In the present study, we validated a 3D bioelectronic platform for modeling the rat small intestine, motivated by the need for more physiologically relevant in vitro models. Through integrated bioelectronic measurements, including TEER and barrier responses to EGTA, we demonstrated the formation of a structurally and functionally relevant epithelial barrier. These measurements indicated that the 3D model more closely mimics native rat intestinal tissue ex vivo compared with traditional 2D cultures. This validation confirms the platform’s utility for applications such as drug screening, disease modeling, and microbiota–host interaction studies, providing a reliable and complementary tool to conventional animal experiments.

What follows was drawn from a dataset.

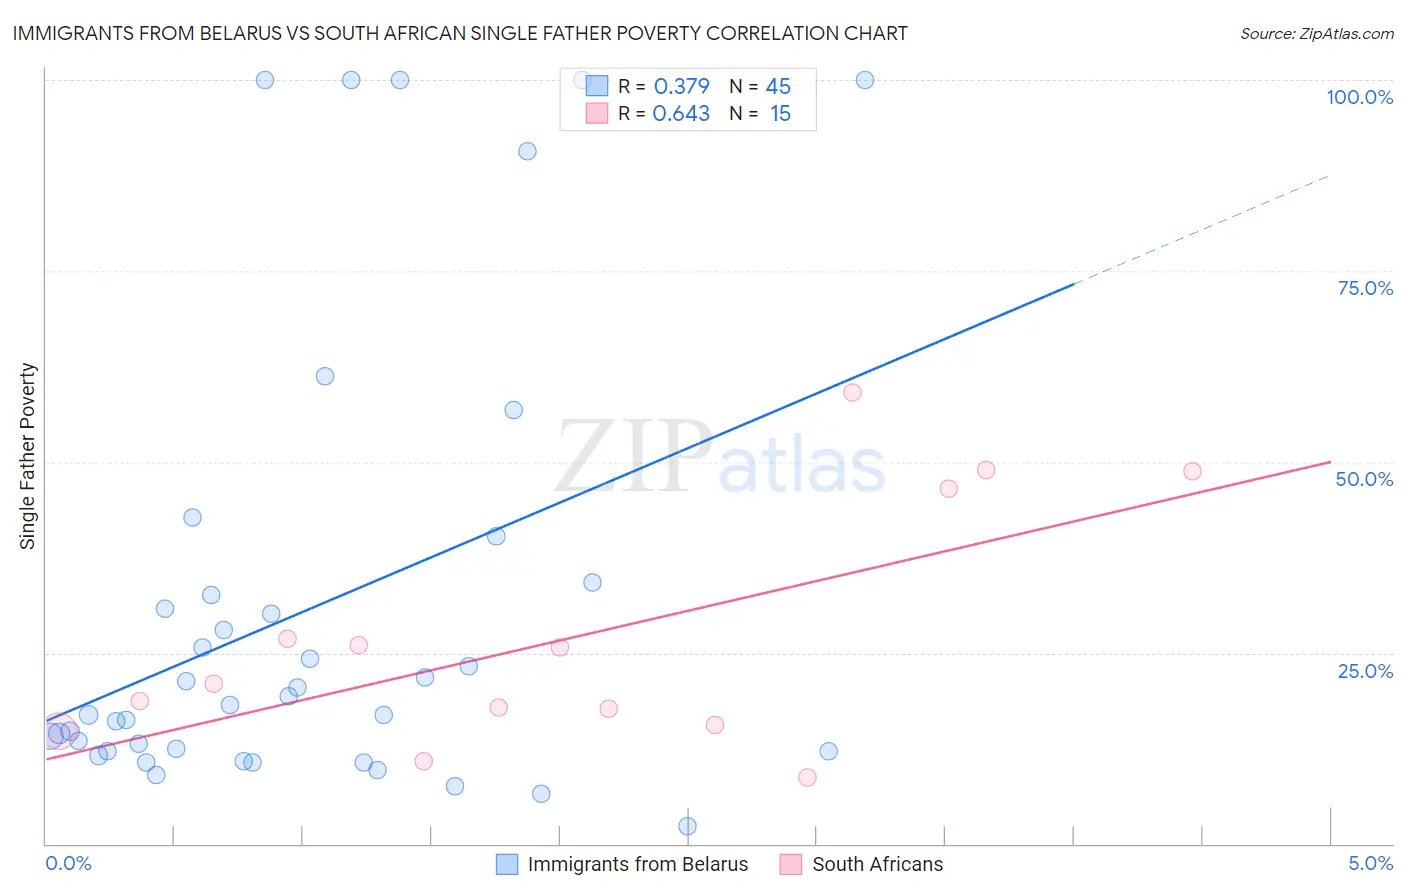 Immigrants from Belarus vs South African Single Father Poverty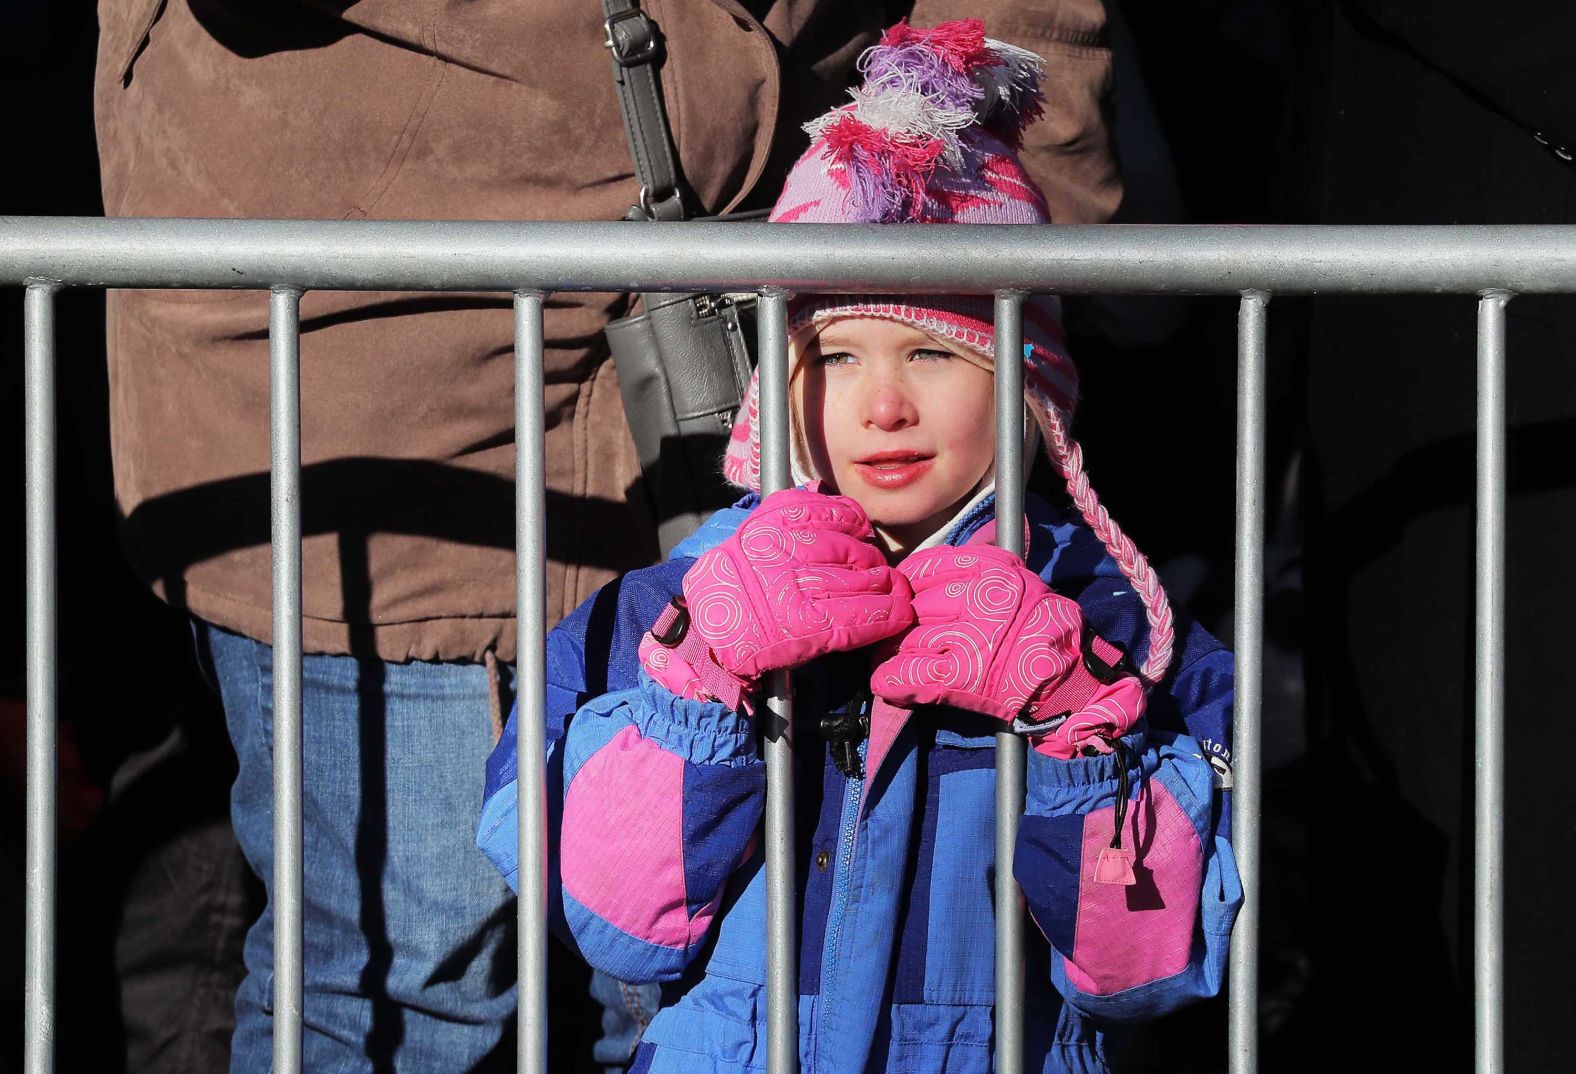 A child watches floats from behind a barricade.

The TEER values obtained in our models were consistent with previously reported measurements for IEC-6 monocultures. Minor differences between studies may be attributed to variations in experimental setup, measurement systems, and operator handling. Overall, the electrical properties of our 3D model reflect the low-resistance physiological characteristics of small intestinal epithelium, as was reported in the literature, further supporting the functional relevance of the system and highlighting the advantages of integrating bioelectronic monitoring within 3D tissue models.

Additional gene expression analysis of ZO-1 and αSMA (presented in the Supplementary Materials) further supported the enhanced barrier-related characteristics observed in the 3D platform compared with the 2D system.

Taken together, these results demonstrate the successful establishment of a bioelectronic 3D intestinal barrier model capable of recapitulating key structural, molecular, and electrical features of native tissue. This platform provides a promising tool for studying intestinal physiology and pathology, with potential applications in personalized medicine, toxicology testing, and advanced in vitro disease modeling. Future work will focus on expanding the platform to incorporate additional cell types, microbiota components, and physiologically relevant stimuli, thereby further improving model complexity and predictive capability.